--- Data block Enclosed Below ---
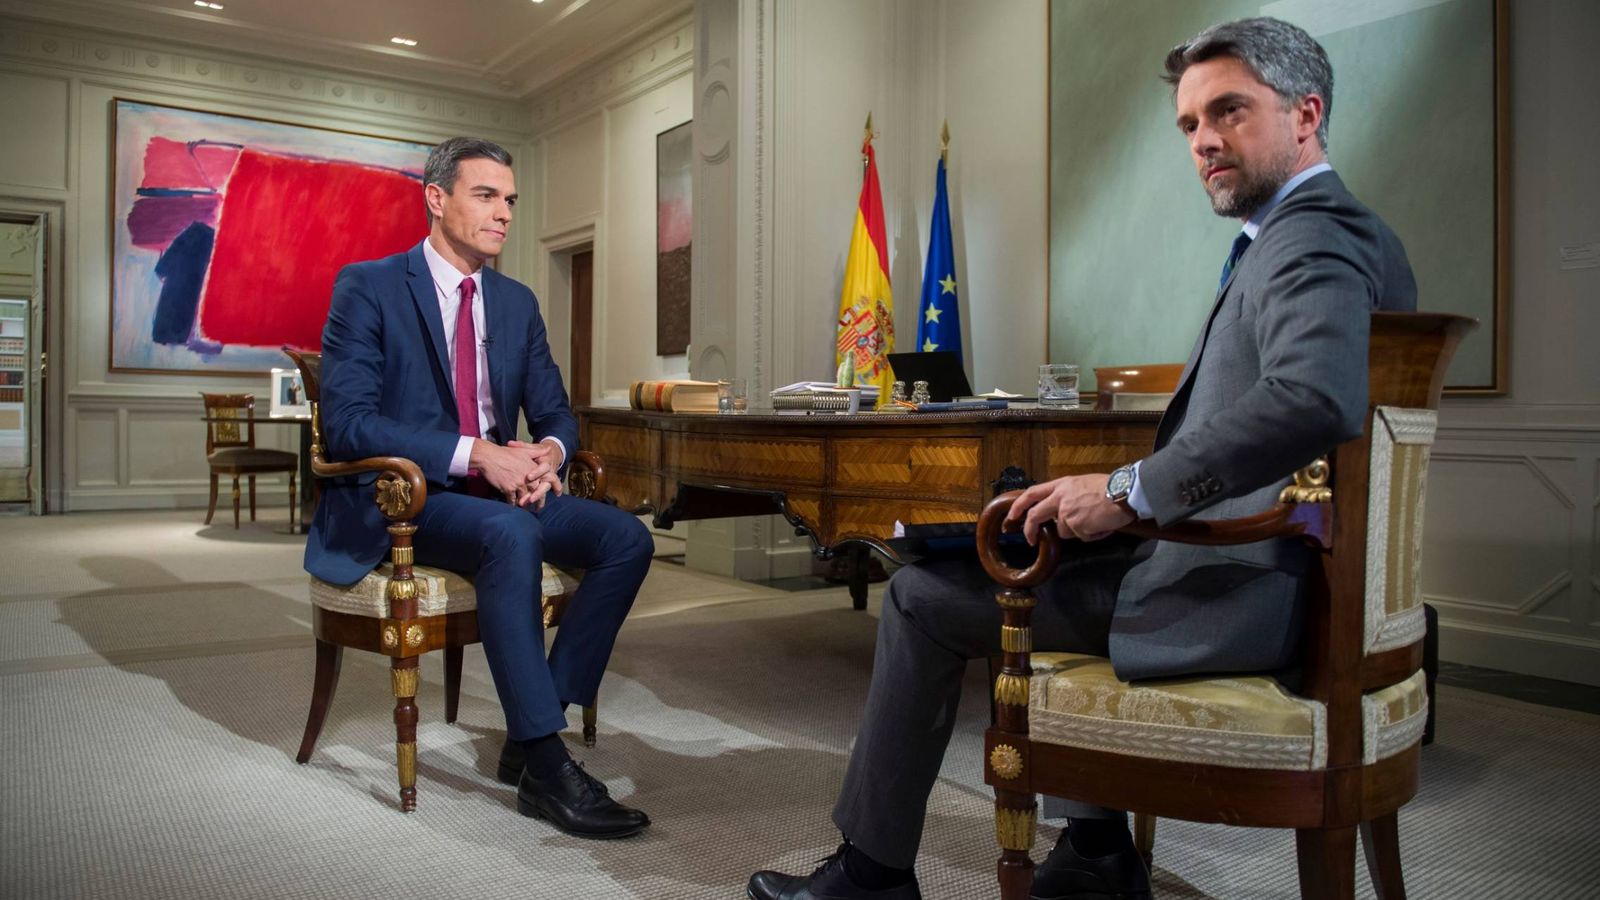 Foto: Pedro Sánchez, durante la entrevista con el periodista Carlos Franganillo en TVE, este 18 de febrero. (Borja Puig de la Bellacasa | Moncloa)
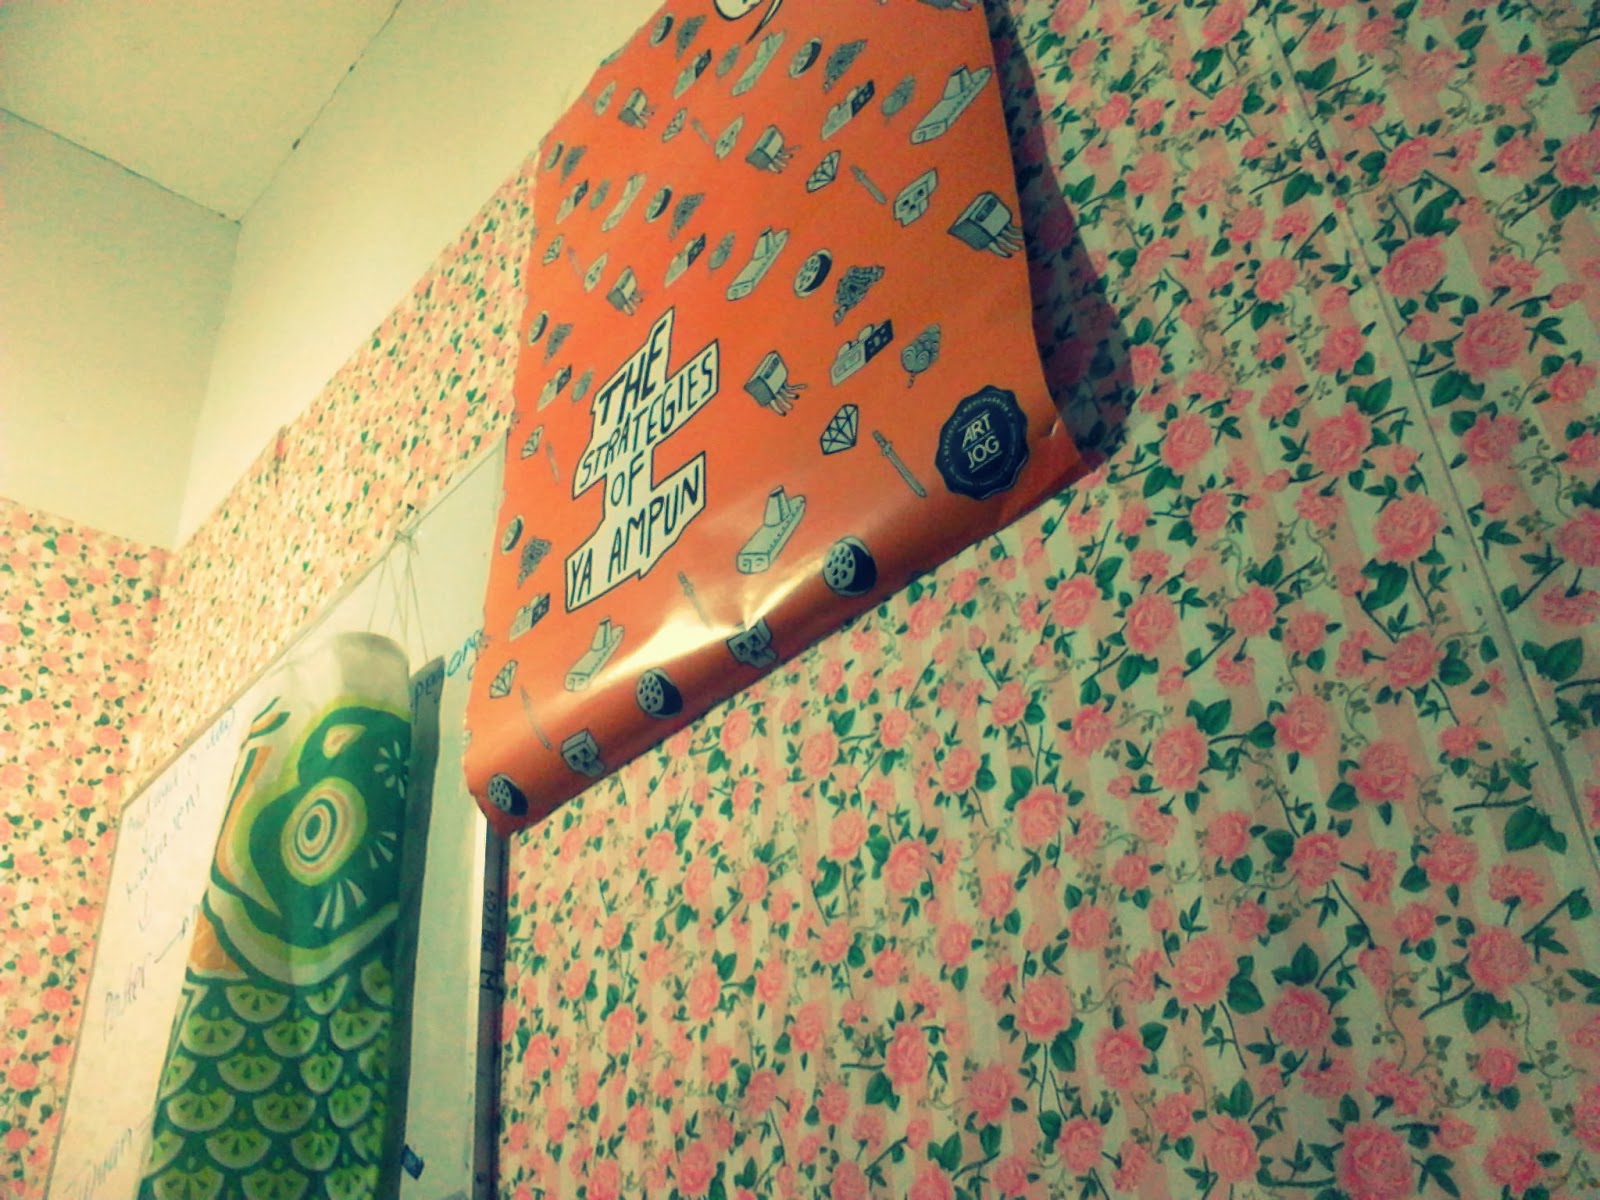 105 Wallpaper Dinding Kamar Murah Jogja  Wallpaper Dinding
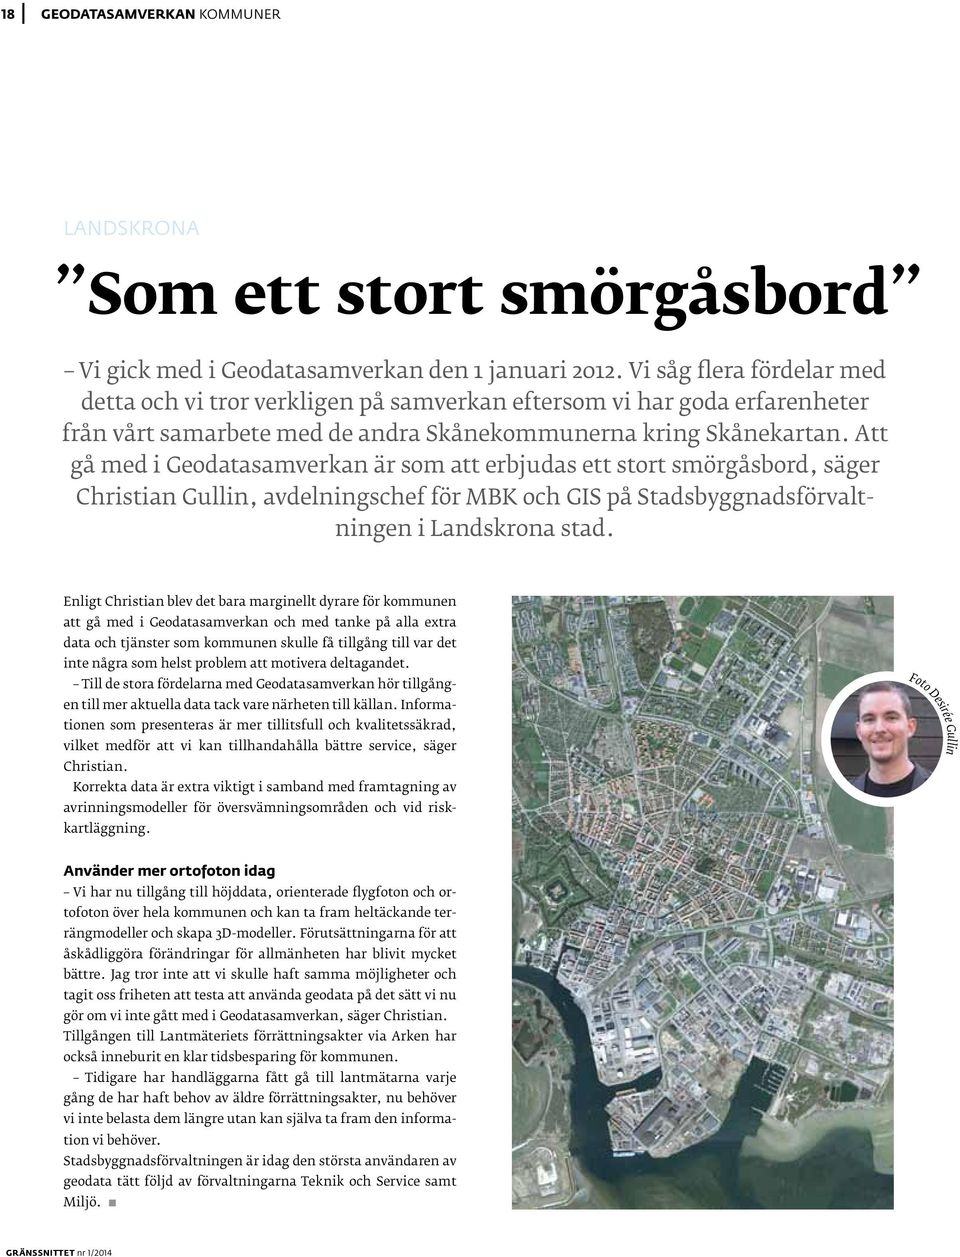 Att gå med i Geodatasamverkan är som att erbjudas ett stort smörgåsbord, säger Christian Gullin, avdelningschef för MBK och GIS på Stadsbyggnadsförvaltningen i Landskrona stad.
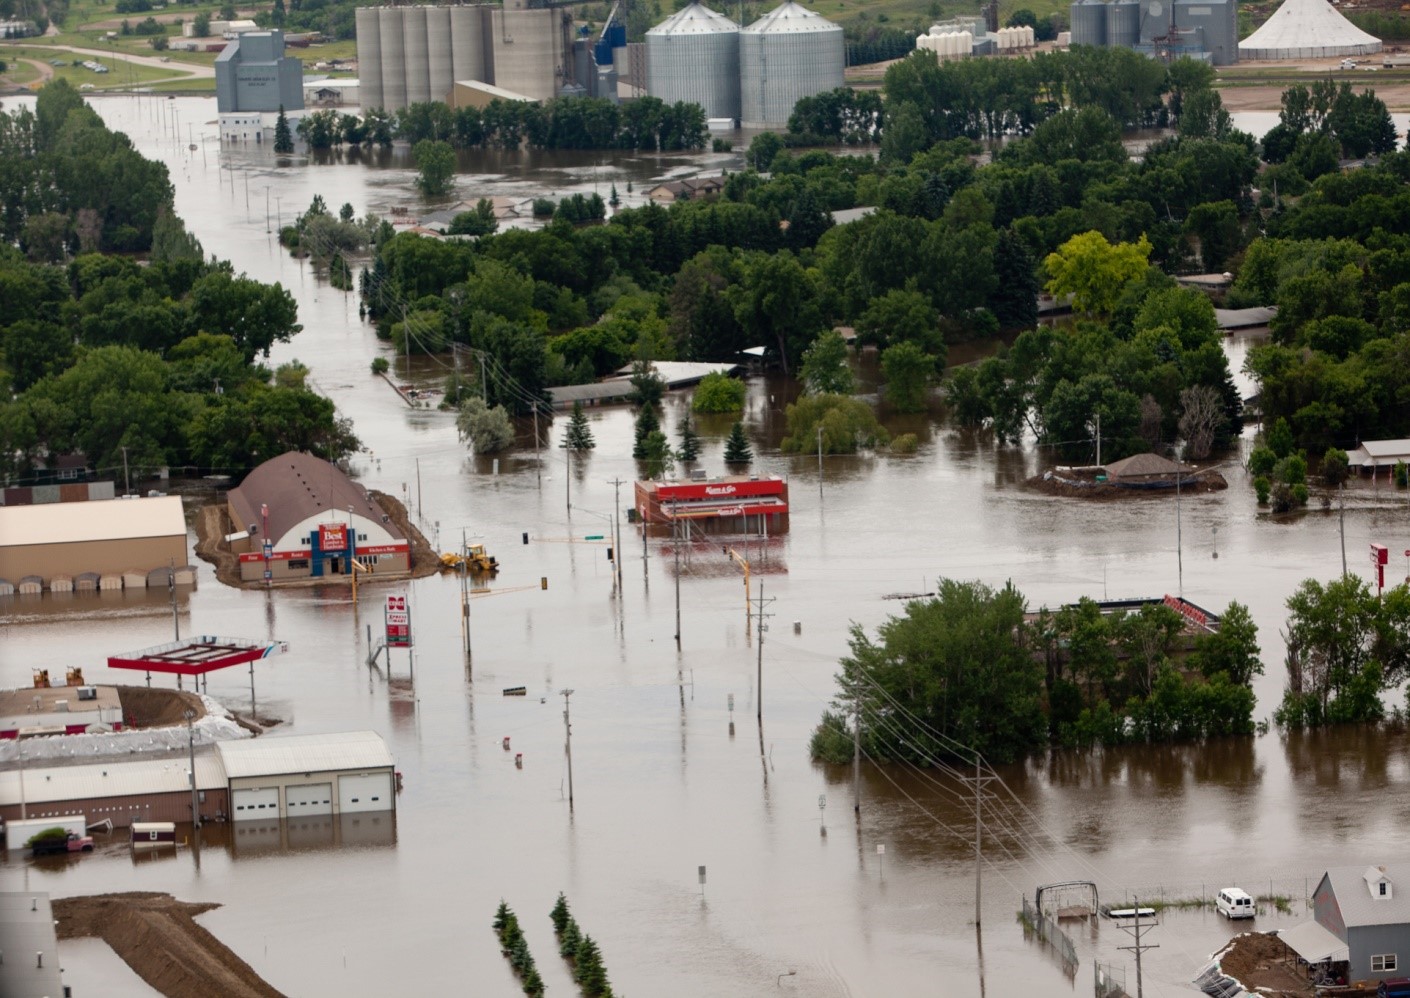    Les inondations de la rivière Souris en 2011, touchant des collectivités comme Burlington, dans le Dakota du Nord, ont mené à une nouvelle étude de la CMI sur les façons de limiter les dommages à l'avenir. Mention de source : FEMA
--- End of Enclosed Data block ---
What this task involves: Pictures are to be left out; repeat all the remaining data exactly.

Output of the task:
 Foto: Pedro Sánchez, durante la entrevista con el periodista Carlos Franganillo en TVE, este 18 de febrero. (Borja Puig de la Bellacasa | Moncloa)
 105 Wallpaper Dinding Kamar Murah Jogja  Wallpaper Dinding
 Att gå med i Geodatasamverkan är som att erbjudas ett stort smörgåsbord, säger Christian Gullin, avdelningschef för MBK och GIS på Stadsbyggnadsförvaltningen i Landskrona stad.
    Les inondations de la rivière Souris en 2011, touchant des collectivités comme Burlington, dans le Dakota du Nord, ont mené à une nouvelle étude de la CMI sur les façons de limiter les dommages à l'avenir. Mention de source : FEMA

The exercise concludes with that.